Ms Rawnsley questioned whether that undermines good faith. If implementers know they can always go to the UK and secure a court-determined rate, does that weaken incentives to negotiate seriously elsewhere? Equally, she asked, why should years of good-faith negotiation be discounted simply because a party refuses to submit to a jurisdiction it never consented to?
Litigation as leverage, not endpoint
Several speakers noted how dramatically incentives have shifted. As Mr Brown observed, SEP holders once sued for infringement when patience ran out. In the UK, that is no longer the norm. Instead, litigation is increasingly implementer-led, framed as enforcement of contractual FRAND rights.
Mr Maunder described a landscape with more options than ever: German courts with established injunction jurisprudence, UK courts offering rate certainty, and the UPC emerging with its own flavour of the German approach. Strategic litigation now shapes negotiations as much as commercial bargaining.
Ms Santos contrasted German injunctions with UK rate-setting and interim licence actions. While litigation does not end negotiation, it changes its tone. The risk of “splitting the difference” discourages compromise, as concessions today may simply reset tomorrow’s midpoint. Interim licences may soften that effect, particularly where arbitration is used to avoid locking in distorted benchmarks — though rushed interim arbitration brings its own risks.
Mr Boon suggested that interim licences only work if they rest on clear terms. Chronology, forum choice or the patent holder’s selection of terms may all play a role. Historically, English courts have been comfortable resolving disputes over forum and timing — a skill that may become increasingly relevant.
Looking ahead to the UPC
Attention turned to the UPC’s future role. Principal Associate at Freshfields, Mr Schubach, cautioned that rate-setting sits uneasily with the German tradition, where FRAND assessment remains tied to infringement. Even so, there appears to be appetite within the UPC to engage with interim measures. Ms Santos noted that draft UPC mediation and arbitration rules already contemplate temporary licences.

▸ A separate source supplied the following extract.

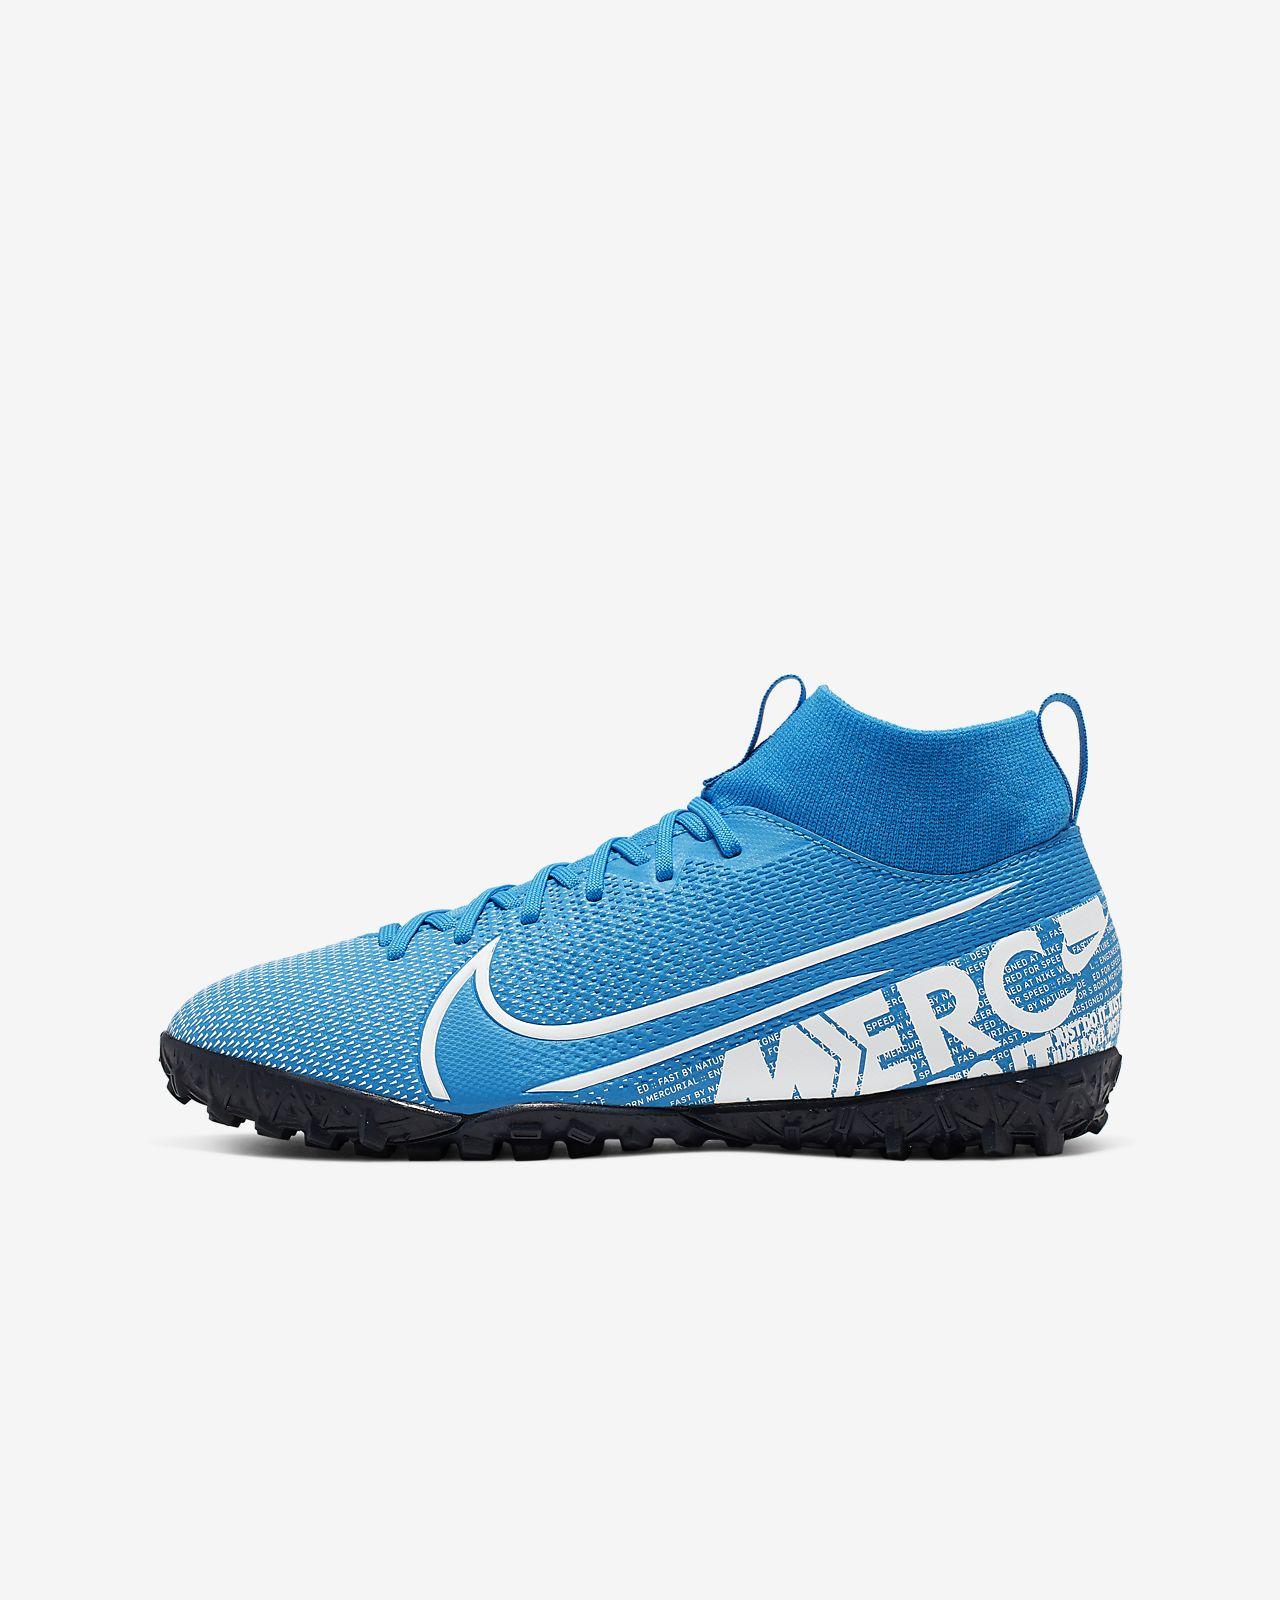 รองเท้าฟุตบอลเด็กเล็ก/โตสำหรับพื้นหญ้าเทียม Nike Jr. Mercurial Superfly 7 Academy TF

The panel closed with a cautionary tale. Ms Santos recalled Portugal’s experiment with mandatory pre-infringement arbitration in pharmaceuticals. The regime produced a surge in settlements — until it became voluntary. Once compulsion disappeared, so did participation.
The lesson was clear. Negotiation thrives on incentives, not ideals. Anti Suit Injunctions and interim licences may encourage settlement — but the more negotiations take place in their shadow, the closer parties drift toward the courtroom they claim to want to avoid.
Note: The views of the speakers do not necessarily reflect those of OxFirst, its affiliates, or employees. They also do not represent an official view of the companies the speakers work for. They are only the personal views of the speaker.